BEGIN Records
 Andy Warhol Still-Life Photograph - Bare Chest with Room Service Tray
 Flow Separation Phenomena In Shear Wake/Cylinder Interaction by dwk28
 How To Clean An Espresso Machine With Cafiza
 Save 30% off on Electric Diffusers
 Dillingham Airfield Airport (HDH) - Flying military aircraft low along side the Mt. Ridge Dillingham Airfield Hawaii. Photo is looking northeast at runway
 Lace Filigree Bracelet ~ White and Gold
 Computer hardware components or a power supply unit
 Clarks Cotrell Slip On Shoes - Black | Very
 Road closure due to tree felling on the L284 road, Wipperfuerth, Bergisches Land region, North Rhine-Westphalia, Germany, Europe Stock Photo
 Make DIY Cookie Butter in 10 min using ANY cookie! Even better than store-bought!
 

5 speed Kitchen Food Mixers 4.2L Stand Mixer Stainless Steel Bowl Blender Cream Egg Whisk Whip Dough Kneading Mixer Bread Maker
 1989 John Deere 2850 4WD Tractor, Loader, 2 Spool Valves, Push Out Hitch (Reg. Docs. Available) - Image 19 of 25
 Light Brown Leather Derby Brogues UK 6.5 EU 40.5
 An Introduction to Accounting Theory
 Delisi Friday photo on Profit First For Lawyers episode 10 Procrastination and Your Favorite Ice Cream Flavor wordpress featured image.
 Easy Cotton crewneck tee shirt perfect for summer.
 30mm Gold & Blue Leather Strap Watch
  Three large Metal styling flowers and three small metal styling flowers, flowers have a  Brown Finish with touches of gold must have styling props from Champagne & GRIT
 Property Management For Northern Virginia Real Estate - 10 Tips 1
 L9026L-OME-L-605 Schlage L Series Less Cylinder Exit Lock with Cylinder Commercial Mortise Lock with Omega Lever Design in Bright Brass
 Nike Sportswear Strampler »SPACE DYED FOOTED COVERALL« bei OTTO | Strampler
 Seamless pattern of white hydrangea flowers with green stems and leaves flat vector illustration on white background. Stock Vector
END Records
What is needed
Each line from the one containing "Nike Sportswear Strampler" through the last line of the entries is to be copied exactly, with no other lines added.

Finished exercise
 Nike Sportswear Strampler »SPACE DYED FOOTED COVERALL« bei OTTO | Strampler
 Seamless pattern of white hydrangea flowers with green stems and leaves flat vector illustration on white background. Stock Vector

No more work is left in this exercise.